Since our market image has a different spatial configuration comparing to a normal image, we customize the structure of our end-to-end architecture. The encoder network is composed of traditional convolutional and pooling layers which are used to reduce the resolution of the market image through max-pooling and subsampling operations. Meanwhile, the encoder network stores the max-pooling indices used in the pooling layer, to be applied in the upsampling operation in the corresponding decoder network. The decoder network upsamples the encoder output using the transferred pool indices to produce sparse feature maps, and uses convolutional layers with a trainable filter bank to densify the feature map so as to recover the original market image. Since companies are grouped in the market image by sector, max-pooling in the encoder network can capture the trends of stocks in the same sector.

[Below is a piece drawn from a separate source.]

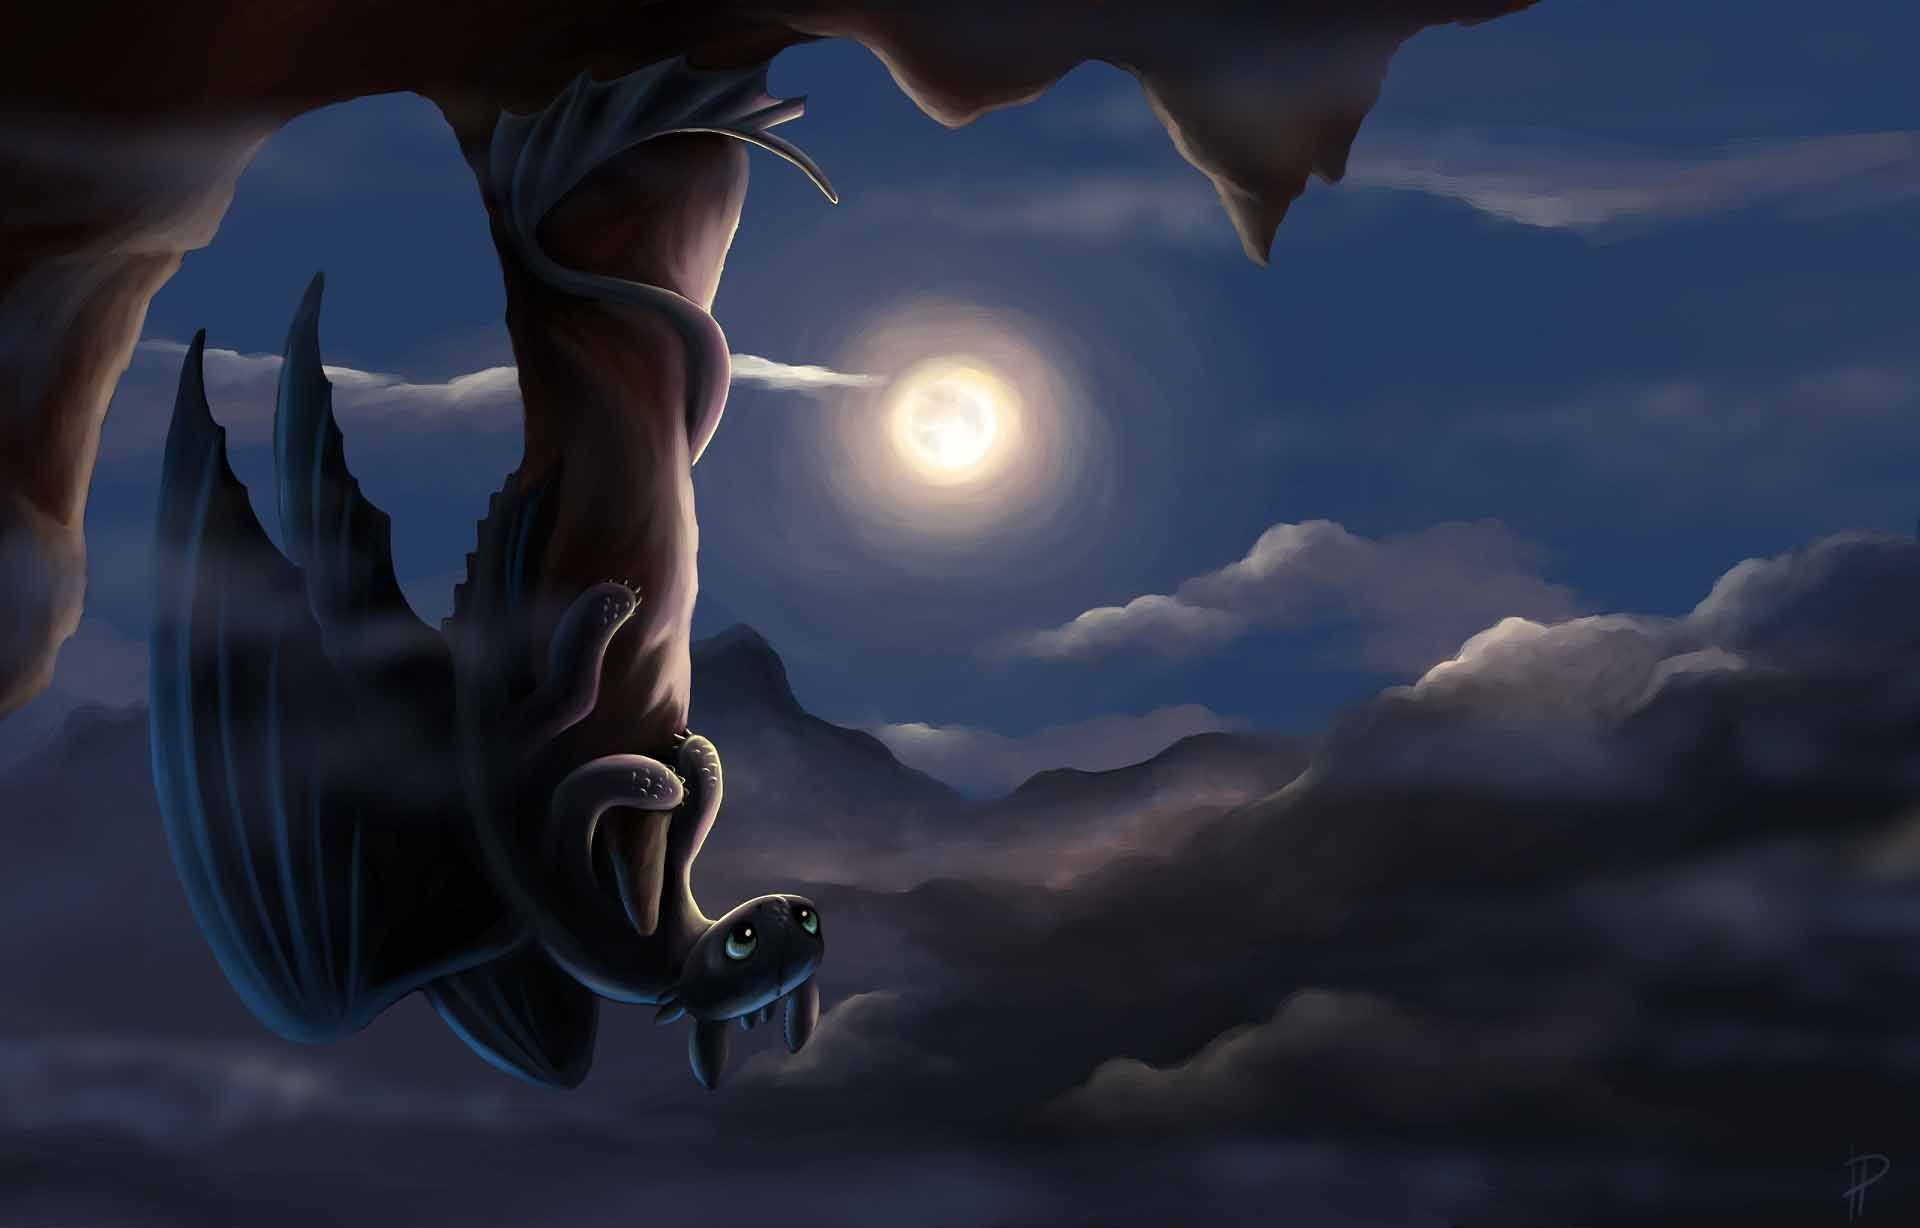 How to Train Your Dragon - Night Fury artwork - Wallpaper

To evaluate MarketSegNet, we compare its ability to reconstruct input market images with that of a well-known algorithm for dimensionality reduction, Principal Component Analysis (PCA). PCA uses singular value decomposition to identify variables in the input data that account for the largest amount of variance. We used our training data both to train our MarketSegNet model and to fit a PCA model. We then used the MarketSegNet and PCA models to compress the market images in our test data, and to reconstruct images of the dimensionality of the input images. We compared the reconstruction error rates of PCA and our MarketSegNet model. Since we varied the sizes of our learned market embeddings from 16 to 128, for each size we created a PCA model with that number of principal components.

Our results are shown in Figure 5. For every size of market embedding, MarketSegNet has lower reconstruction error than PCA.

Figure 5: Market Image Reconstruction Error Rates

Conclusions and Future Work

In this paper, we present a method for constructing a ‘market image’ for each day in the stock market. We then describe two applications of this market image:

  1. As input to ML-based models for stock price prediction. We demonstrate (a) that market awareness leads to reduced error vs non-market-aware methods, and (b) that temporal awareness across stacks of market images leads to further reductions in error.

  2. As input to a ML-based method for constructing generic market embeddings. We show that the learned market embeddings are better able to reconstruct the input market image than PCA across a range of dimensionality reductions, indicating that they capture more information about the input market image.

We should emphasize that our baseline market-aware CNN, our MA-RNN model, and our MarketSegNet market embeddings do not represent trading strategies. They are agnostic to trading costs, lost opportunity cost while out of the market, and other factors that matter with an active trading strategy. That said, they may provide information that is useful in trading strategies. Other research groups that have used the models described here have reported improved performance in predicting the directionality of stock price moves on earnings day, and in assessing which events will move markets. We leave further exploration of the applications of these models to future work.